=== RECORDS SUPPLIED ===
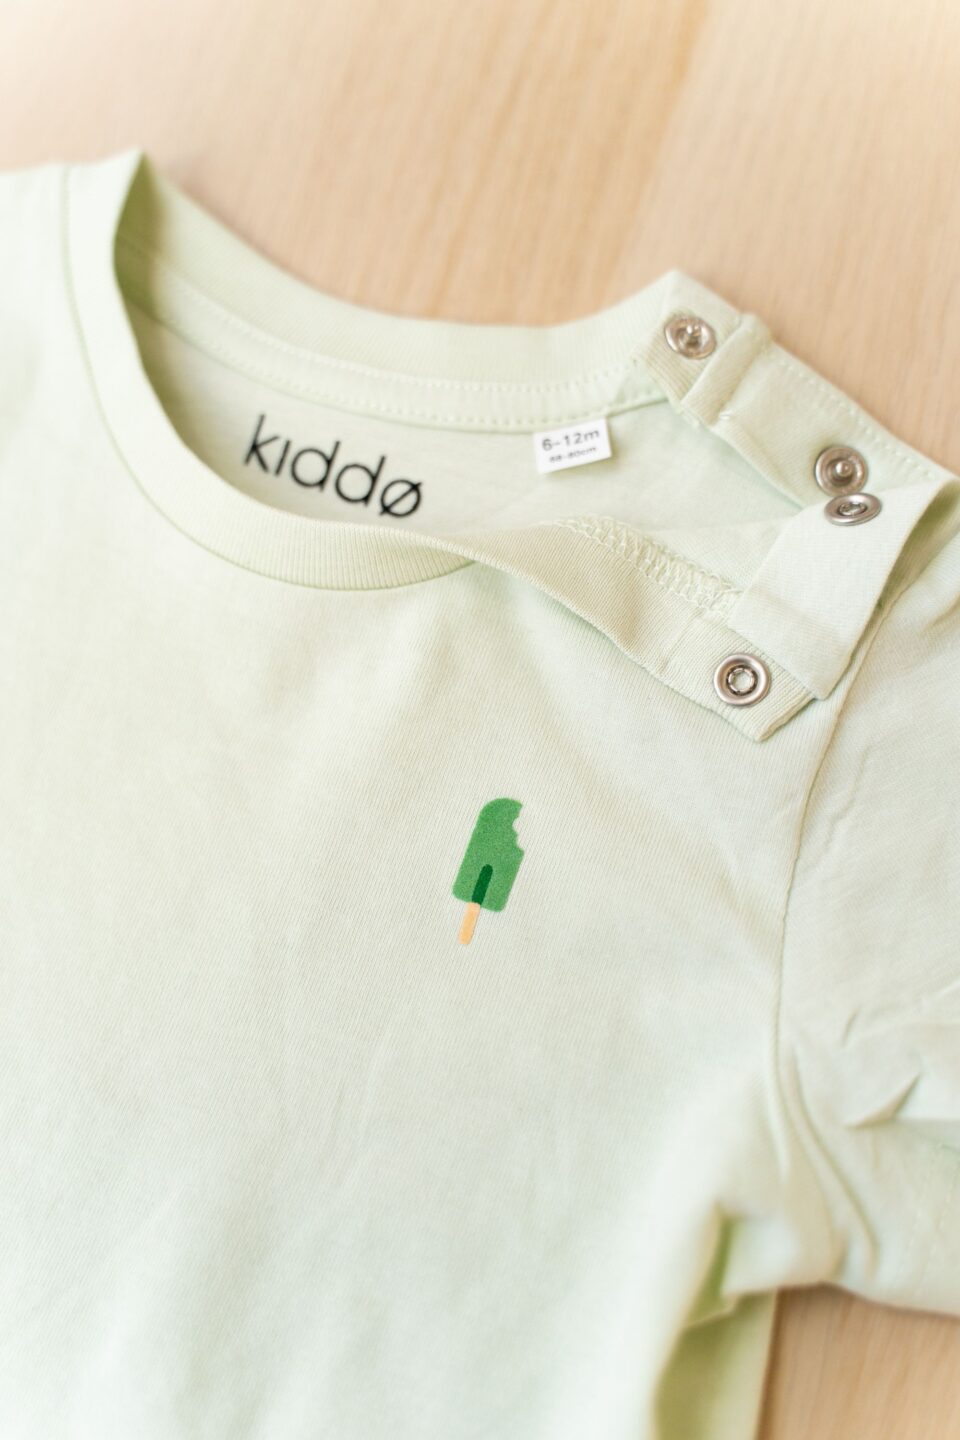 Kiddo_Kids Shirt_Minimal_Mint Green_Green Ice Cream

* * *

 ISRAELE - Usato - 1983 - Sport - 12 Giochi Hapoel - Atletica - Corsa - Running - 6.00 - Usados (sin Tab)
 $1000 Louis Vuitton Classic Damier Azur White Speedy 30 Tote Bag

---

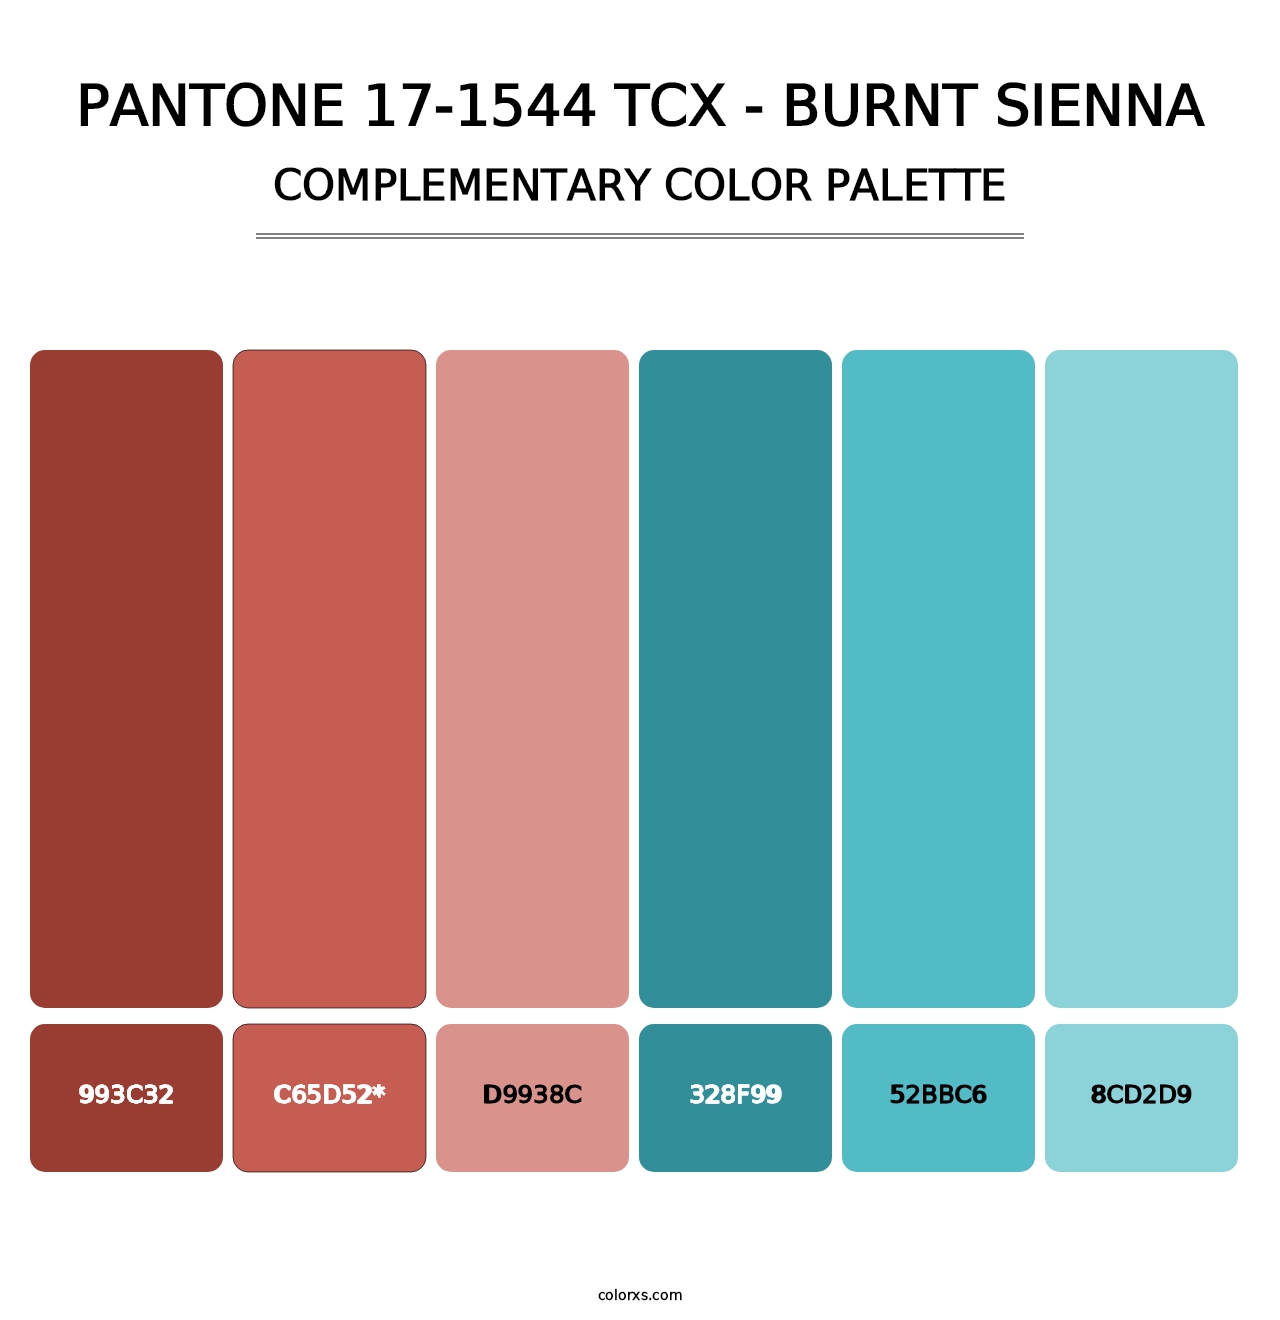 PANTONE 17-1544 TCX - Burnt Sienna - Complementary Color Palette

=== PROBLEM REQUIREMENTS ===
Of the entries above, repeat exactly the lines between the line with "ISRAELE - Usato" and the line with "30 Tote Bag", inclusive, and no others.

=== EXERCISE RESULT ===
 ISRAELE - Usato - 1983 - Sport - 12 Giochi Hapoel - Atletica - Corsa - Running - 6.00 - Usados (sin Tab)
 $1000 Louis Vuitton Classic Damier Azur White Speedy 30 Tote Bag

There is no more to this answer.